If the store path of openssh is staying the same, then you probably need to set nix.settings.keep-outputs = true. This will stop the dev and man outputs from being garbage collected.

1 Like

The dev output not being available (neither on the build system, the target host, or the CI cache) does seem to be the culprit.

The services.openssh module adds a config check derivation to system.checks that has the configured package in its `nativeBuildInputs’: nixpkgs/nixos/modules/services/networking/ssh/sshd.nix at d03088749a110d52a4739348f39a63f84bb0be14 · NixOS/nixpkgs · GitHub

This has two distinct problems:

  1. The derivations in system.checks are only build-time dependencies of the system derivation, they’re not added to the system closure and therefore not pushed to the binary cache and GC’ed from systems they’re on (and I’ve got automatic GC enabled).
  2. The check derivation depends on the dev output of the package even though it only uses the sshd binary.

I could fix 1. either by setting nix.settings.keep-outputs = true in nix.conf (but that would disable GC’ing of build-time deps in general), or by adding system.checks to system.extraDependencies, which are added to the system closure.

If 1. is fixed, the situation where I have to rebuild the dev output of the openssh package even though the regular out output is available would still arise if I make changes to the SSH configuration that would modify the check derivation.

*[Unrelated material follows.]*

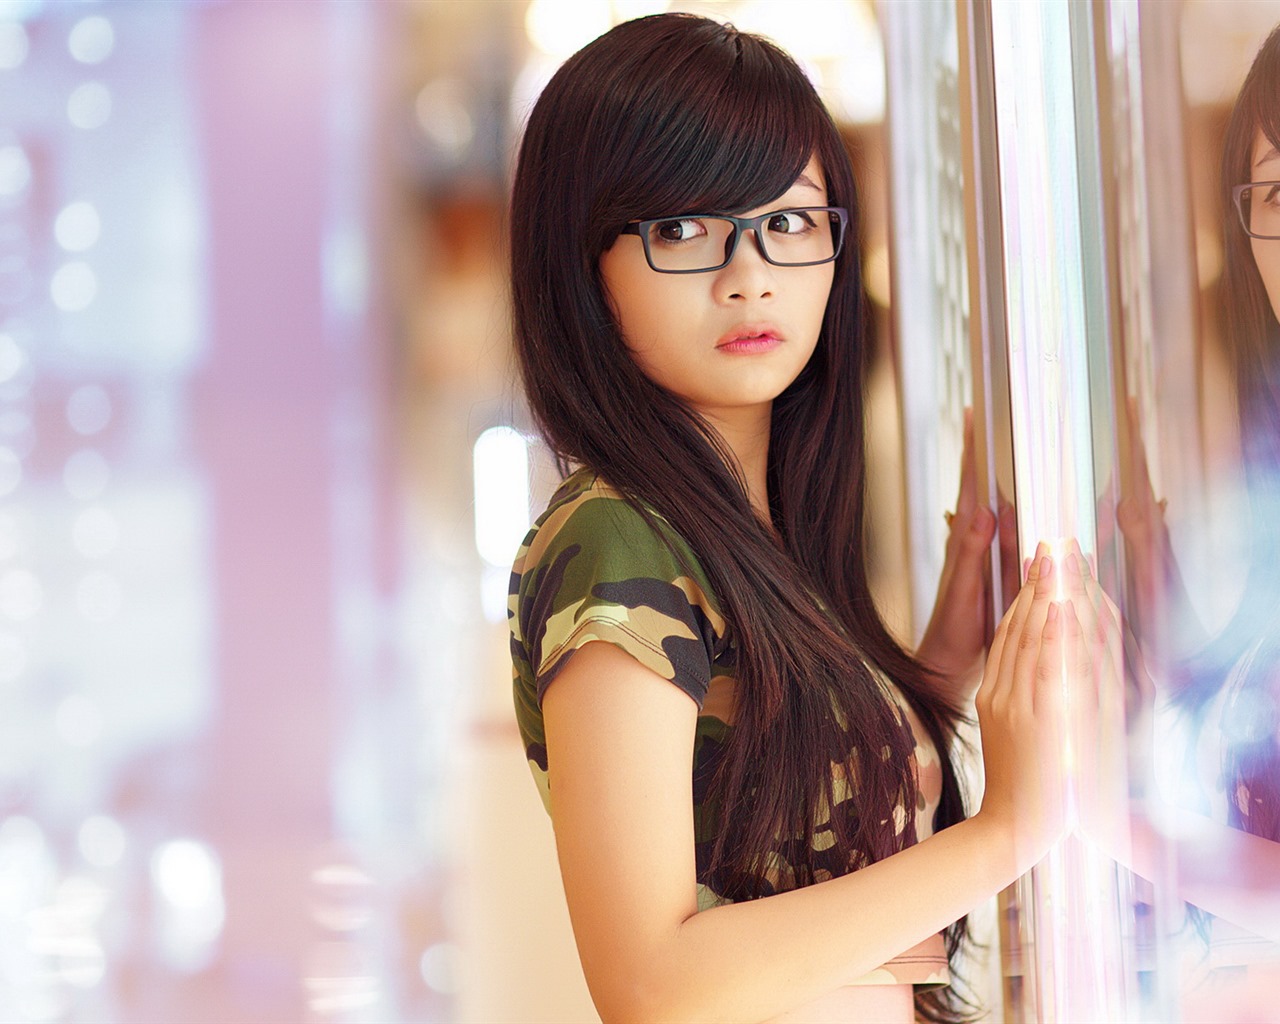 Pure and lovely young Asian girl HD wallpapers collection (3) #36 - 1280x1024

So ideally 2. would be addressed (only feasible if done upstream). What would be the correct way to do this? Is it possible to only add a particular output to the nativeBuildInputs? Would injecting the full binary path using string interpolation work?

(this should probably be a nixpkgs issue/PR at this point)

Use nix-diff on the .drv to see the differences between derivations. Often that helps finding why things rebuild. Use nix-store --query --deriver to get the .drv for a built store path.

1 Like